Many environmentalists have sterling reputations: They've used peaceful tactics to preserve nature, written beautiful prose to celebrate it, and inspired others to defend it. Edward Abbey is not one of those environmentalists.

Sure, he fiercely loved nature, wrote awe-inspiring accounts of it, and garnered a huge following -- but he also threw beer cans out car windows, penned stories about blowing up dams, and married five times, earning quite the reputation as a womanizer.

He was one-of-a-kind, a conservationist of his own making, described by The American Spectator contributor Bill Croke as "equal parts Henry David Thoreau and John Muir, with an added dash of Mikhail Bakunin. "
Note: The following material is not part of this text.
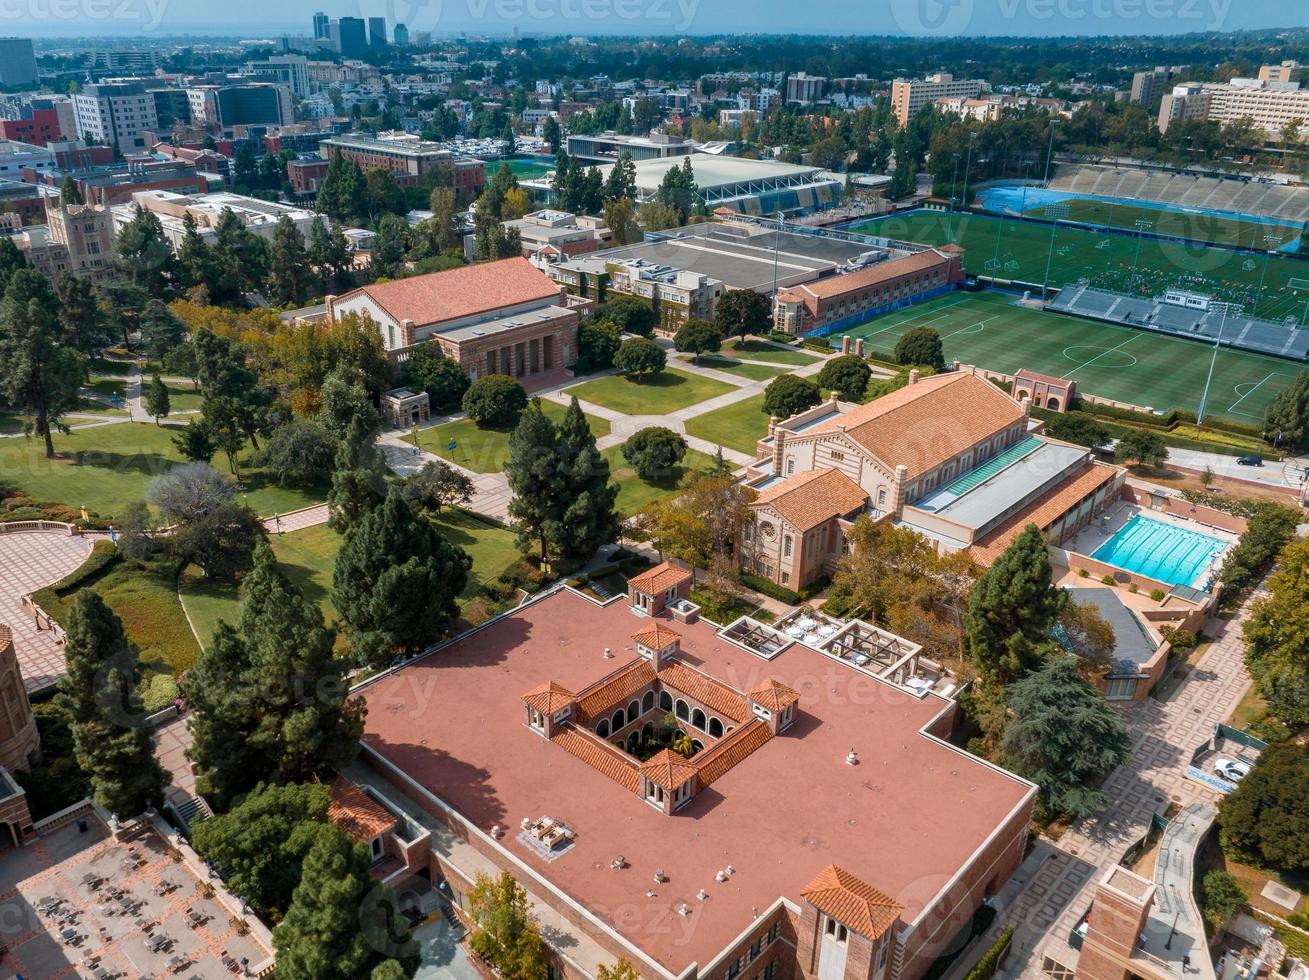 vista aerea del campus de la universidad de california, los angeles ucla foto

Cactus Ed The Pennsylvania native was born to a schoolteacher mother who played the organ in church, and a farmer father who was a socialist, an anarchist, and an atheist. Shortly before Abbey's 18th birthday in the mid-1940s, when he would face the draft, he set out to explore the American West, getting there through a mix of hitchhiking, walking, freight train hopping, and bus riding. When he saw the desert landscape of the Four Corners (where New Mexico, Arizona, Colorado, and Utah meet), he'd found his home.

After returning from World War II, graduating from the University of New Mexico (his master's thesis topic: "Anarchism and the Morality of Violence "), and working as a park ranger, he rose to prominence with the 1968 publication of Desert Solitaire, a nonfiction book melding nature writing, philosophy, and political observations about the management of national parks. In it, he wrote:

"Beyond the side canyon the walls rise again, slick and monolithic, in color a blend of pink, buff, yellow, orange, overlaid in part with a glaze of 'desert varnish' (iron oxide) or streaked in certain places with vertical draperies of black organic stains, the residue from plant life beyond the rim and from the hanging gardens that flourish in the deep grottoes high on the walls. Some of those alcoves are like great amphitheatres, large as the Hollywood Bowl, big enough for God's own symphony orchestra. "

Seven years later, he followed that book with one even more popular, The Monkey Wrench Gang. A novel centered around a group of anarchic environmentalists who conspire to blow up Glen Canyon Dam and sabotage builders' efforts to develop in the desert, it inspired the founding of Earth First!, a radical green group.

Solace in the Desert Abbey believed that humans would never know true freedom until they spent some time in wild, unexplored lands, and so he spent his life doing -- and writing about -- just that.

"Edward Abbey is one of our foremost Western essayists and novelists, " read an article in The Denver Post. "A militant conservationist, he has attracted a large following -- not only within the ranks of Sierra Club enthusiasts and dedicated backpackers, but also among armchair appreciators of good writing. What always made his work doubly interesting is the sense of a true maverick spirit at large, within it -- a kind of spirit not imitable, limited only to the highest class of literary outlaws. "

When he died in 1989, friends and family fulfilled Abbey's burial wish by taking his body in a sleeping bag in the back of a pickup truck and laying him to rest in the wilderness as soon as possible, without embalming fluid or a casket (or regard for the law).

"I want my body to help fertilize the growth of a cactus or cliff rose or sagebrush or tree, " he wrote. Somewhere in the dusty Arizona desert, it's doing just that.